5. Find `vec(AS) : vec(AS) = vecS - vecA`
6. Find `vec(BQ) : vec(BQ) = vecQ - vecB`
7. Using the property of the parallelogram, `vecS = vecP + vecQ - vecR` (since PQRS is a parallelogram)
8. Substitute these in:
`vec(AS) = vecS - vecA`
= `(vecP + vecQ - vecR) - (vecP + 1/3 (vecR - vecP))`
= `vecQ + vecP - vecR - vecP - 1/3 vecR + 1/3 vecP`
= `vecQ - 2/3 vecR + 1/3 vecP`
`vec(BQ) = vecQ - vecB`
= `vecQ - (vecP + 2/3 (vecR - vecP))`
= `vecQ - vecP - 2/3 vecR + 2/3 vecP`
= `vecQ - 2/3 vecR + (-1 + 2/3)/vecP`
= `vecQ - 2/3 vecR + 1/3 vecP`
(Note: The algebra simplifies to the same vector for `vec(AS)` and `vec(BQ)`.

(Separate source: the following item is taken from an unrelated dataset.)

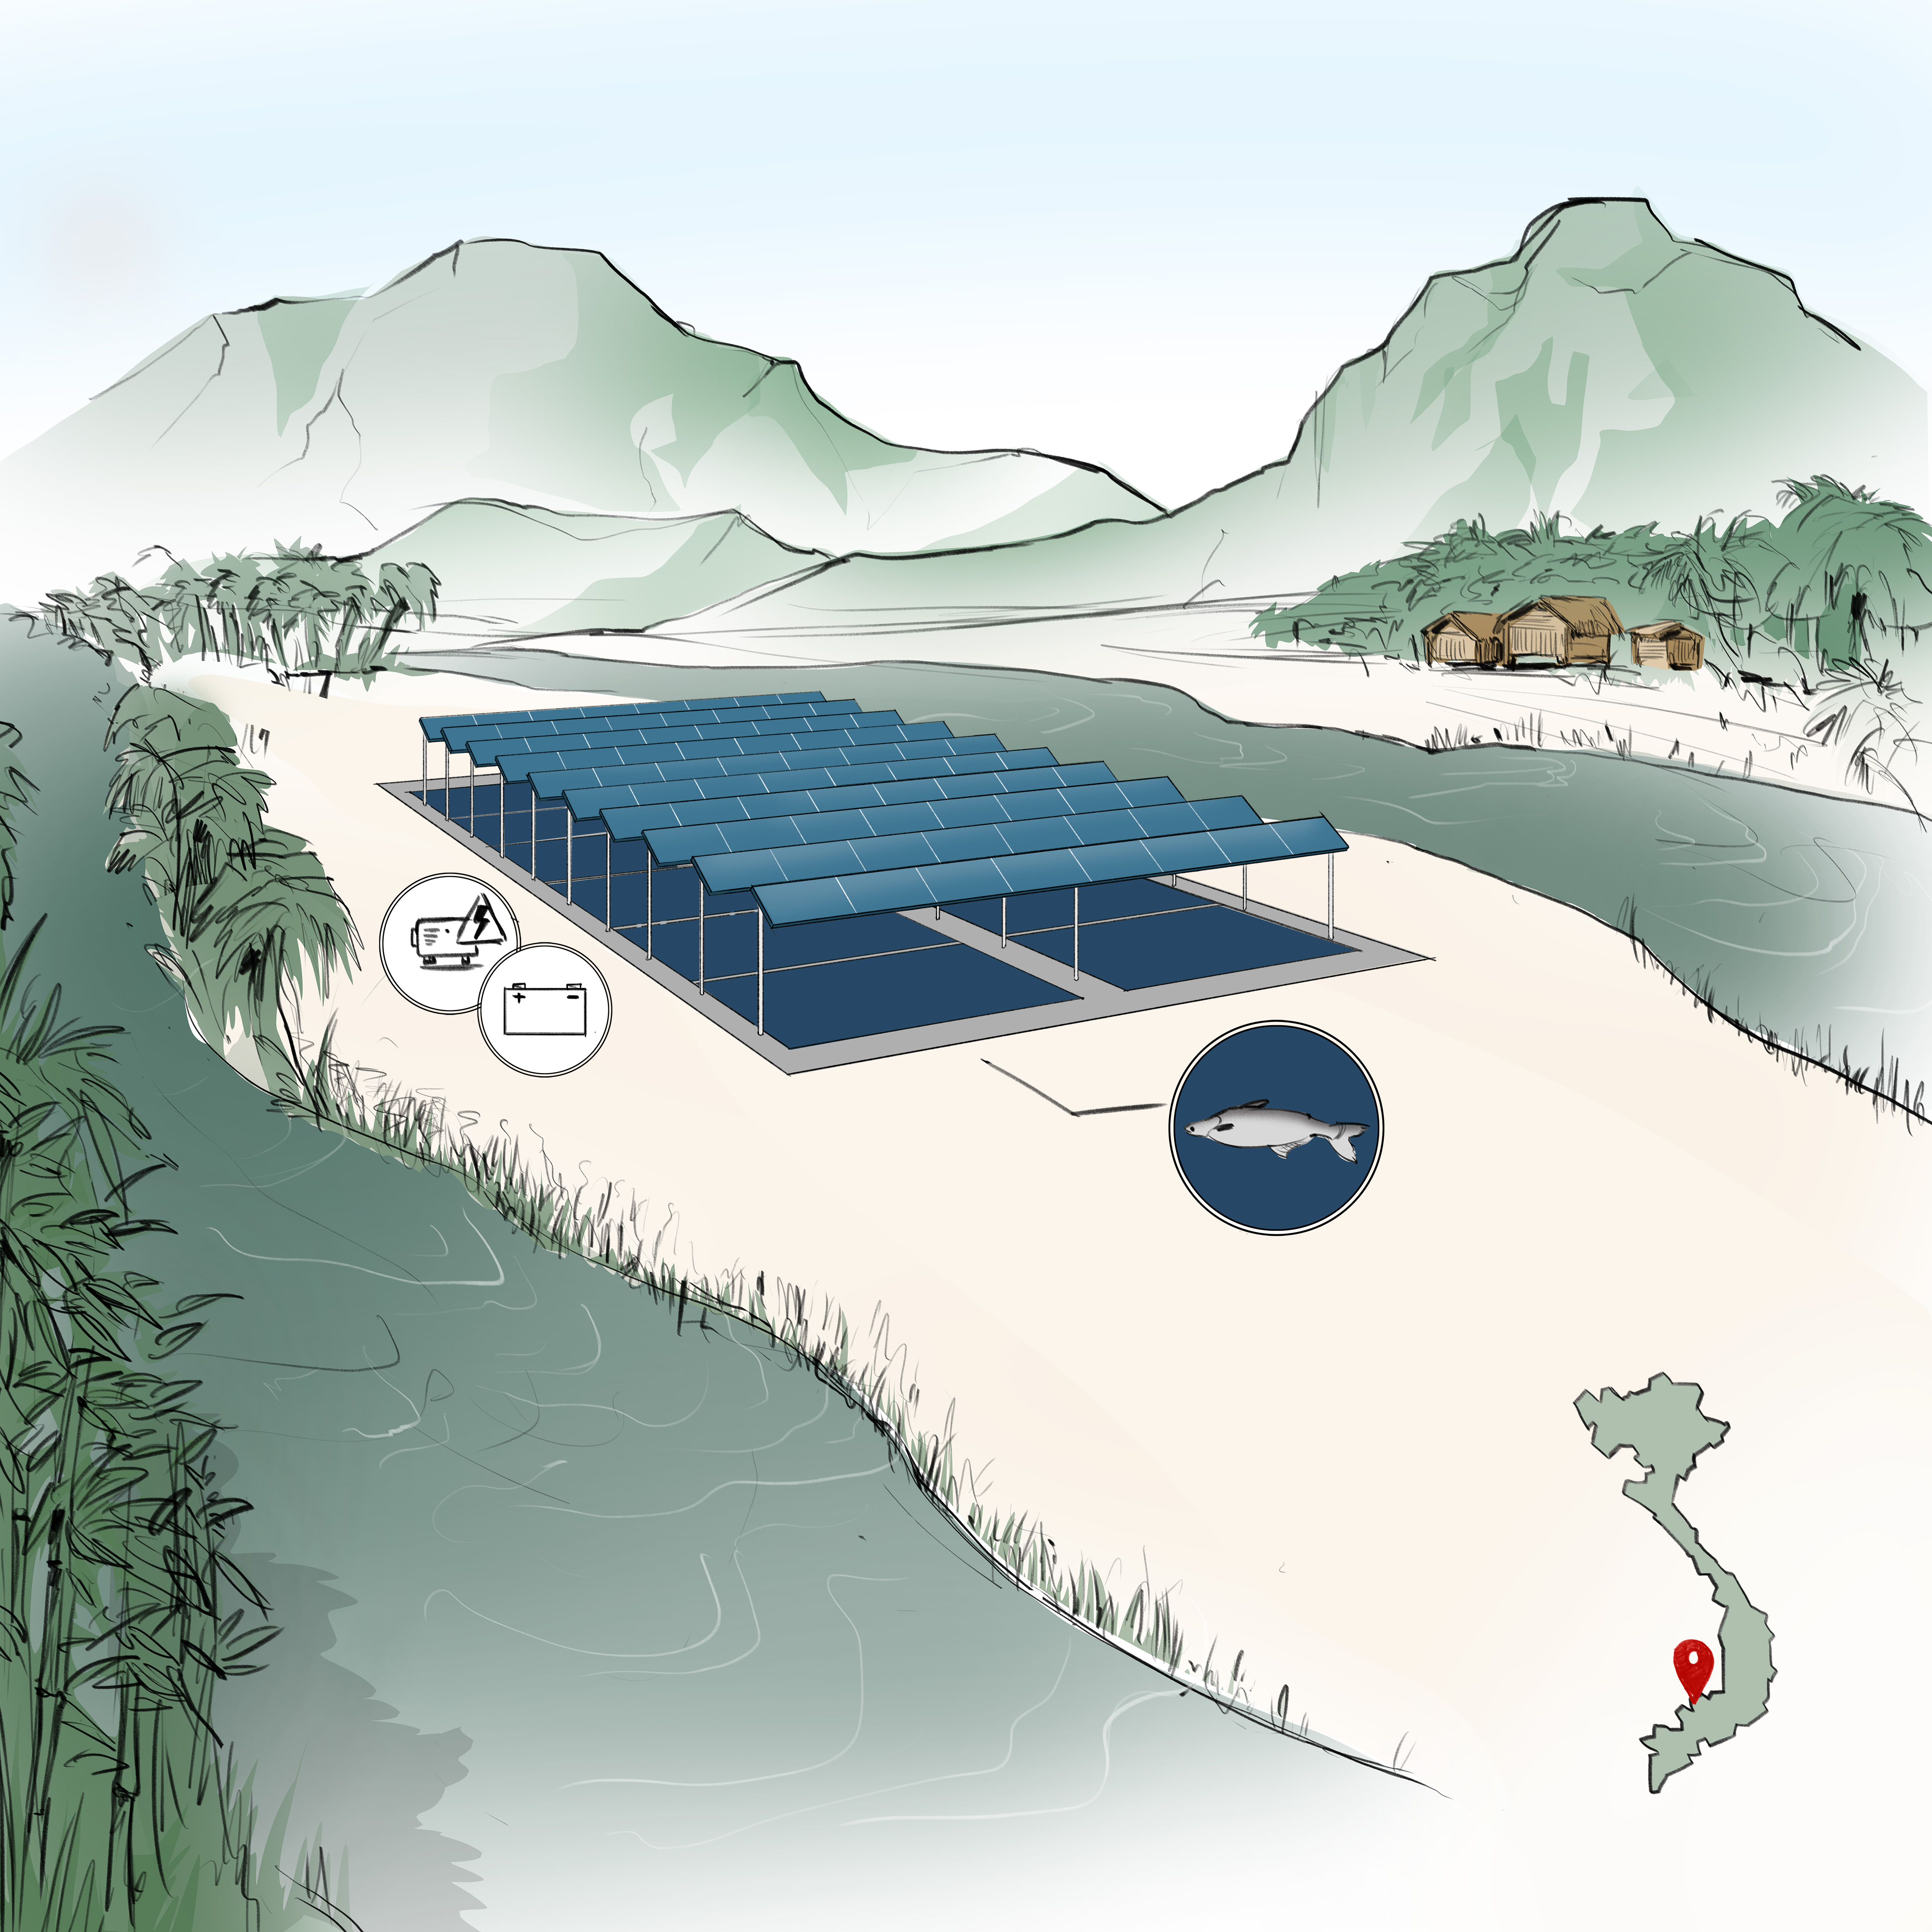 Planned pangasius photovoltaic plant for a self-sufficient electricity supply in An Giang. 
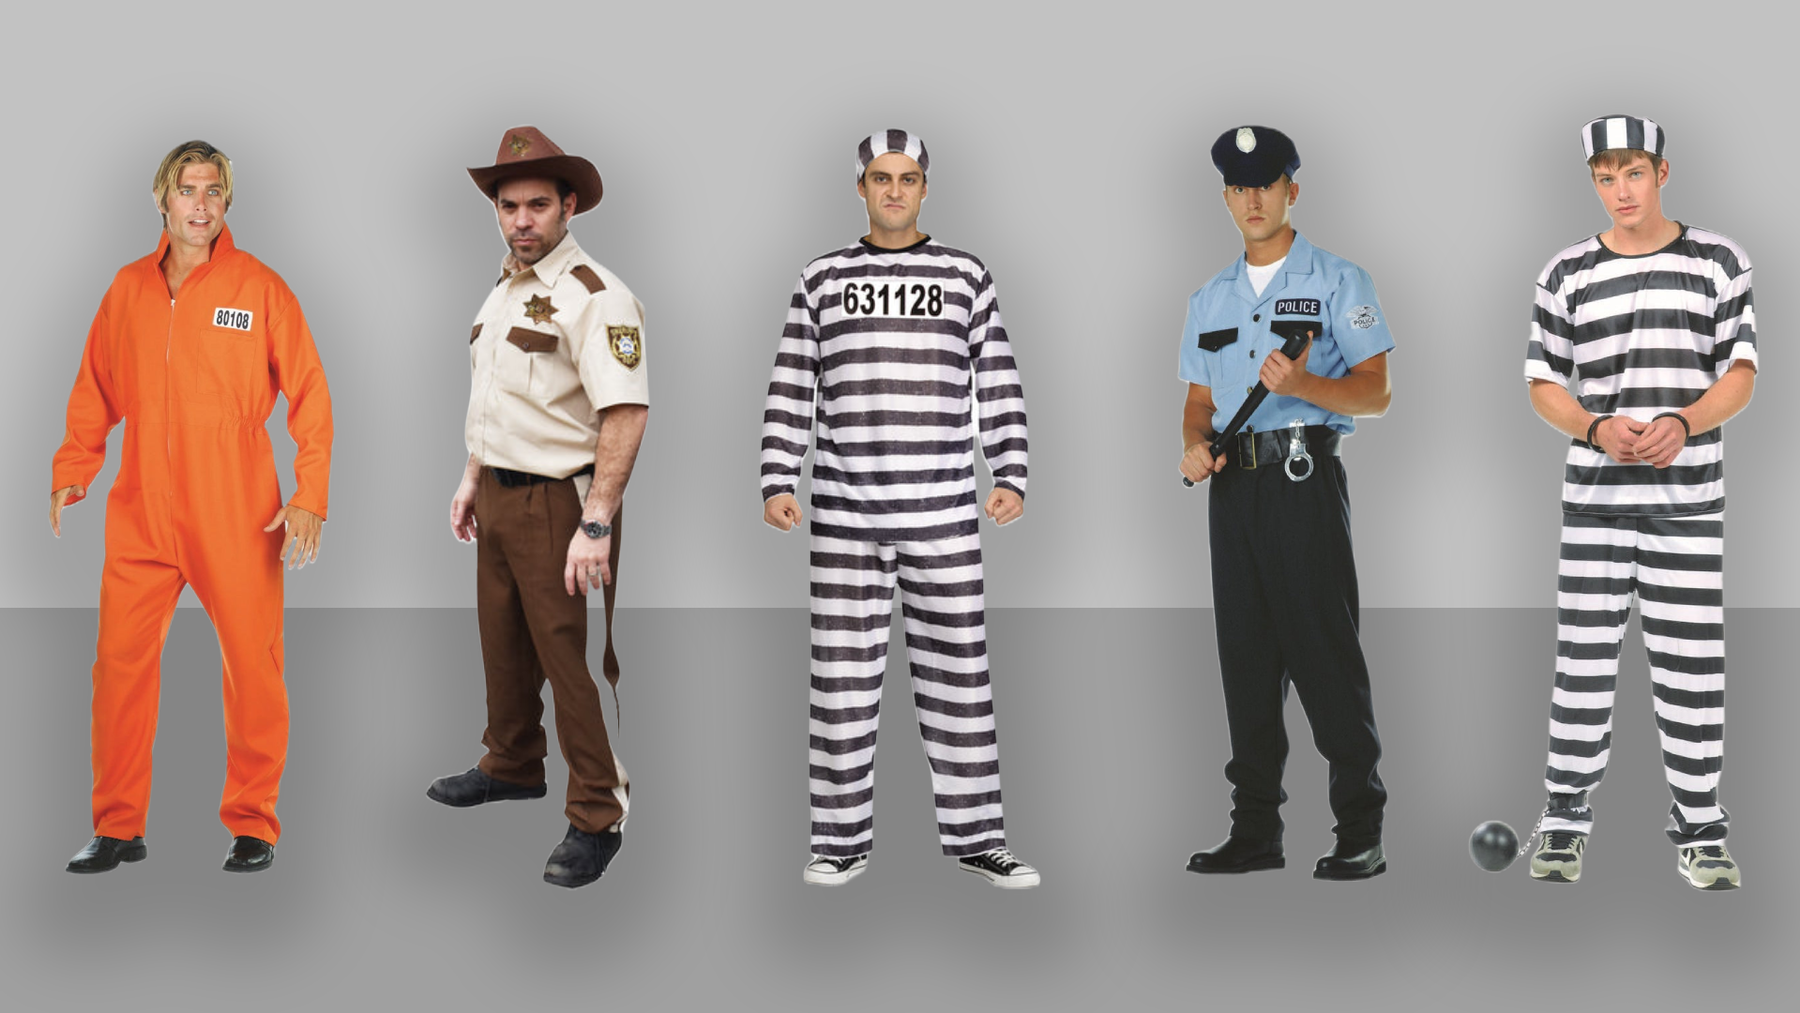 Arrest Attention with Our Top 5 Men's Police Costumes

9. Since `(vec(AS) = vec(BQ))`, this implies AS || BQ and AS = BQ.
10. In quadrilateral ASBQ, opposite sides AS and BQ are equal and parallel.
11. Similarly, since AB and SQ are parts of the diagonal and side respectively, and PQRS is a parallelogram, it follows by the properties that AB || SQ and AB = SQ.
12. Therefore, both pairs of opposite sides of ASBQ are parallel and equal.
ASBQ is a parallelogram because both pairs of its opposite sides are equal and parallel.